The primary purpose of a historical novel, as any publisher or agent will tell you, is to entertain. That’s why I am grateful to belong to a club with a wide range of writers. Each manuscript evening at Leicester Writers' Club is a master class in the art of entertaining.
Odd as it may appear, the primary purpose of a historical novel may not always be the primary purpose of its author nor the only reason readers choose that genre. Many multi-tasking readers turn to fiction not only for entertainment but also for information.
There seems to be a huge gender gap here at least in readers of my generation and older living in Leicestershire. (I am speaking now from 18 years experience as a WRVS volunteer delivering books to housebound readers.) Male readers who want historical information ask me to bring them non-fiction books only, women ask primarily for novels or memoirs. When speaking to volunteers in other parts of the country, I find their experiences experience are similar although of course there are always individuals who break the stereotype.

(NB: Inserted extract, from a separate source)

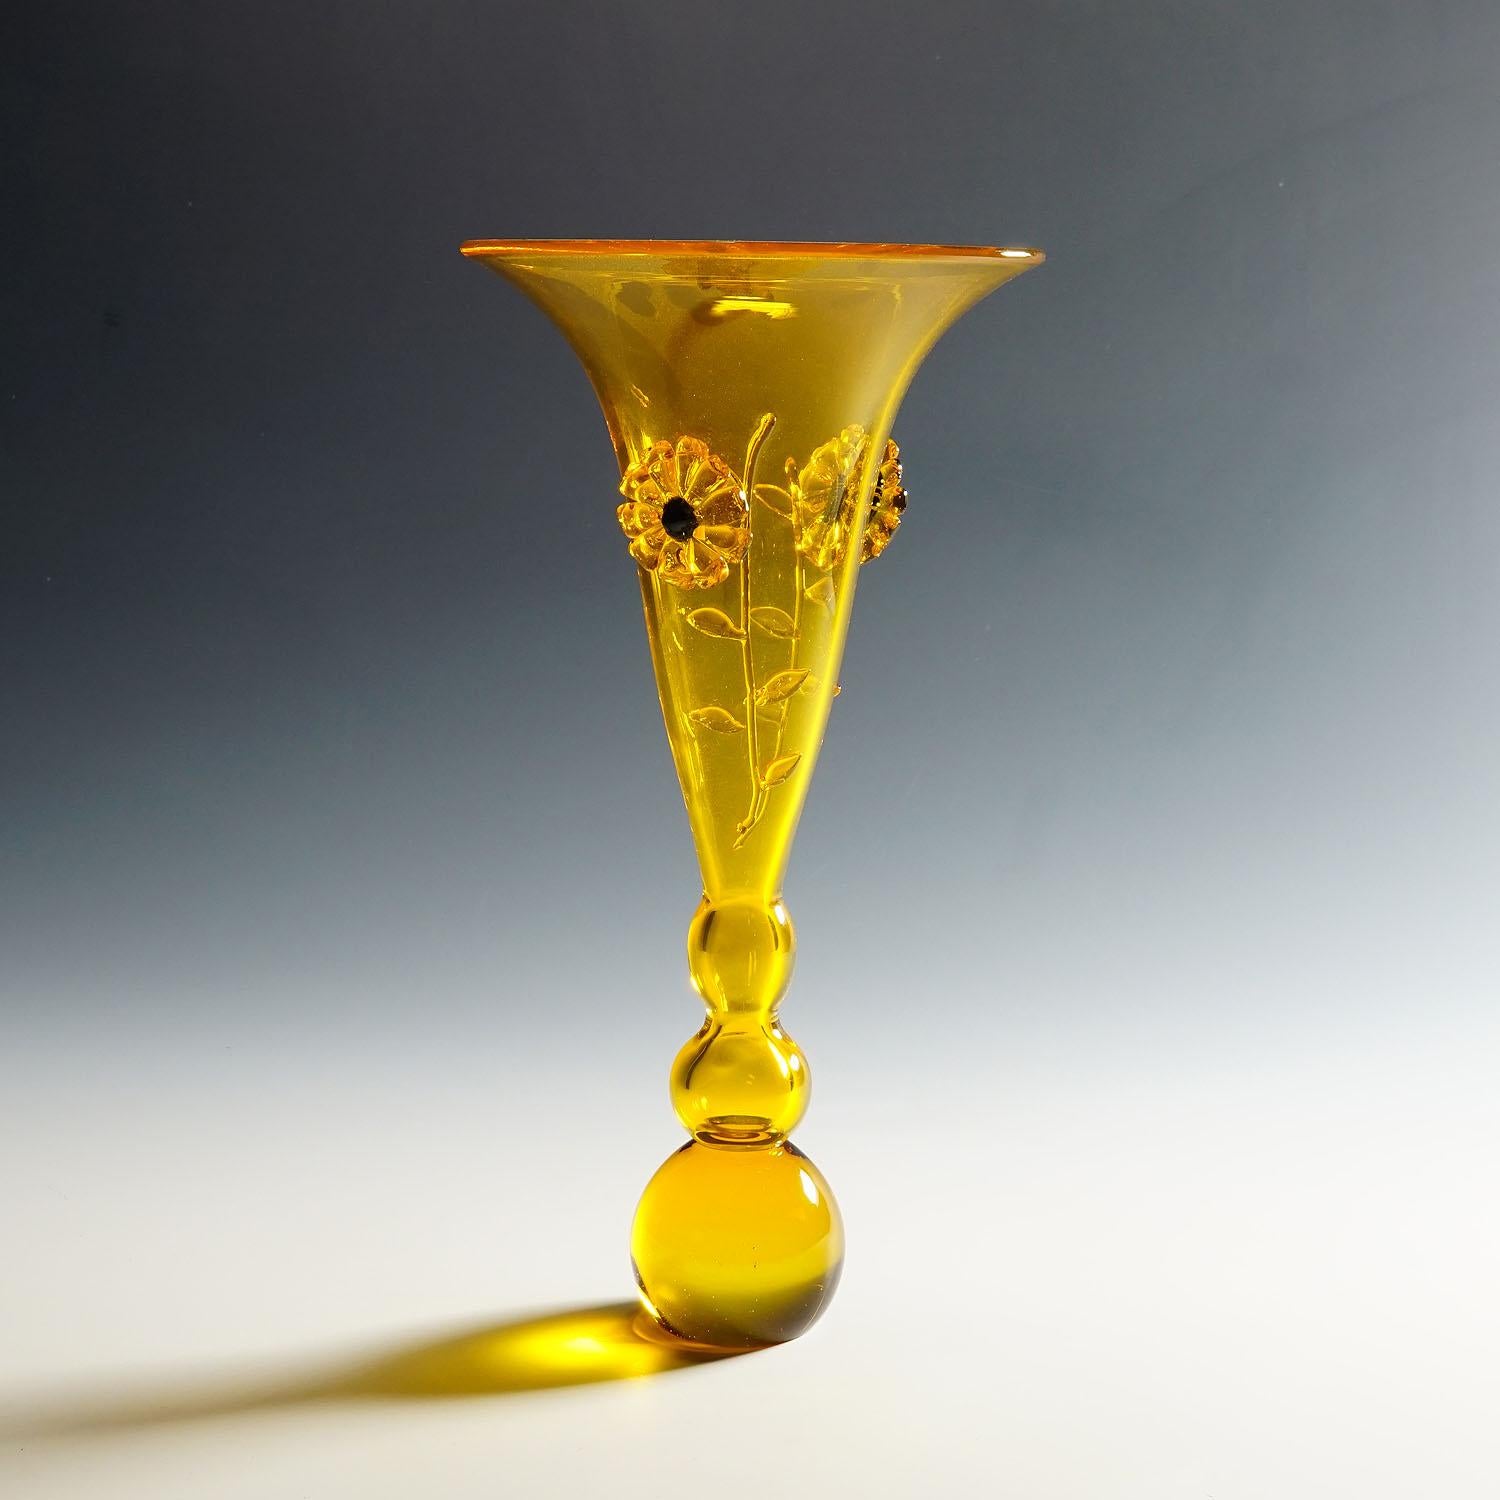 Vase vintage en verre d'art de Murano par Franco Moretti circa. 1970s

Un vase vintage en verre d'art de Murano conçu par Franco Moretti vers les années 1970. Verre jaune miel avec applications en forme de fleurs. Signature incisée

When it comes to the younger generation, many young men I talk to in Leicestershire, (apart from those on English courses at uni!) claim to read only nonfiction and that very sparingly. They say they can’t see the point in non-interactive fiction - they would rather play computer games. On the other hand young women I talk to read many more books with most of their reading being fiction or memoirs. They claim they learn a great deal from reading fiction but they also spend much of their leisure time watching soap operas. When you think of it the Archers, Casualty, Peak District originated as megaphones for public service announcements.
If many women are reading historical fiction for information as well as entertainment then authors have a duty to deliver historical fiction accurately, delicately weaving fictional weft between a warp of known historical facts. That means historical fiction writers have a duty to research primary sources in detail.
This is even more imperative where historical narrative underlies burning current issues. The most harm a novel, set say in 15th century England depicting Richard 3rd either as a villain or a hero, can do is to cause the proponent of an opposing view to burst a blood vessel.
In periods coming under the term historical, in publishing terms, but where many people living then are still alivel; and in locations were historical narrative underlies burning issues, there is far more at stake.
I have often found in these controversial areas most historical literature published in English have dates and events so skewed as to falsify cause and Frankly it is nothing more than propaganda.
One difficulty researching the particur period and location area I write in, where contemporary events were censored in both local and British papers under emergency regulations, is that it is impossible for hurried writing to be accurate. Only this week, for instance, after four years of research into the early thirties in the city of Haifa, I discovered major facts that made nonsense of many of my assumptions I made when writing my current novel. I owe it to the reader to be accurate and will have to rewrite.
Readers also often start reading with false assumptions that make it difficult for them to get into a book unless the author addresses the issues gently.
This is another area where I find membership of Leicester Writers club, with its cross-section of readers extremely helpful in discovering common assumptions held by the British public and gives me the opportunity to alter my writing so I can set scenes to open up vistas without sounding didactic.